Unlocking Non-Block-Structured Decisions: Inductive Mining with Choice Graphs
The paper "Unlocking Non-Block-Structured Decisions: Inductive Mining with Choice Graphs" introduces an extension of the Partially Ordered Workflow Language (POWL), which aims to address an enduring limitation in process discovery: the inability to effectively model non-block-structured decision points. This limitation arises due to the strict hierarchical nature of existing inductive mining algorithms, which traditionally impose a block-structured representation of process models. While recent advancements like the Partially Ordered Workflow Language have alleviated constraints around concurrency, complexities surrounding decision points remained a challenge in capturing real-world processes accurately.
Core Contributions
This research bridges the existing gap by proposing "POWL 2.0," which introduces choice graphs—a novel construct designed to encapsulate decision-making logic without adhering to strict block-structures. Choice graphs, inspired by the flexibility of Directly-Follows Graphs (DFGs), offer a structured yet flexible methodology to represent non-block-structured decisions. The significance of choice graphs lies in their ability to circumvent overgeneralization and preserve the high scalability of inductive mining.
The paper also delineates an adaptation of the Inductive Miner, enabling the discovery of POWL 2.0 models. This adaptation involves detecting valid choice graph cuts over event logs, thus embedding decision logic into the mining process effectively. The proposed algorithm is backed by formal proofs that demonstrate the preservation of fitness guarantees native to the Inductive Miner, ensuring that every trace in the event log is representable within the model's language.
Experimental Evaluation
An empirical assessment against real-life event logs indicates that the introduction of choice graphs enhances model precision and f-score relative to the standard POWL Inductive Miner. The results suggest that choice graphs not only simplify the representation of complex branching logic but also improve the overall model quality across various dimensions. Importantly, these improvements are achieved without compromising computational efficiency, as the extended algorithm often maintains or even reduces execution times compared to existing approaches, especially when combined with noise filtering.

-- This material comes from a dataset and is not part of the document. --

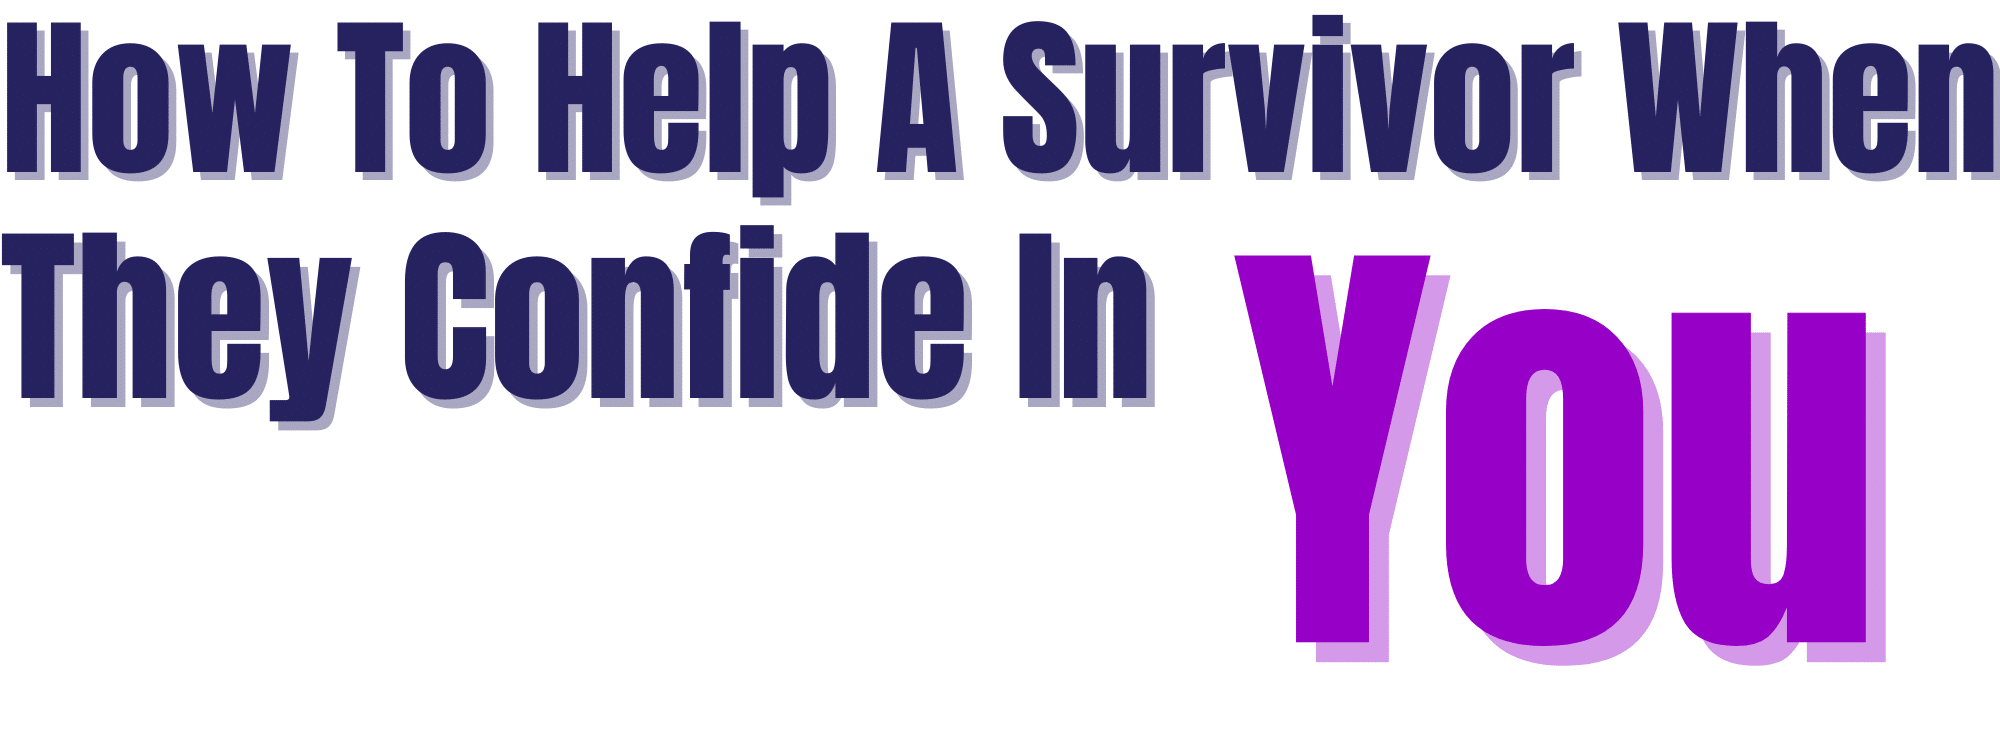 How To Help A Survivor

Implications and Future Directions
The theoretical advancements and empirical validations presented in the paper have substantial implications for both practical applications and further research. Practically, organizations leveraging process discovery can expect more nuanced and accurate representations of their workflows when utilizing the proposed methodologies. On the theoretical front, the integration of choice graphs into process mining frameworks sets a foundation for expanding POWL with additional constructs to model complex dependencies or non-linear executions.
Moreover, future research could explore optimizing choice graph detection algorithms further, potentially incorporating machine learning techniques to refine edge detection and partitioning strategies. Additionally, the controlled integration of cyclic choice graphs could be explored to handle intertwining decision points within process models more effectively.
By advancing the ability to model non-block-structured decisions, this research contributes significantly to the field of process mining and propels the capabilities of automatic process discovery towards more comprehensive, scalable, and efficient solutions.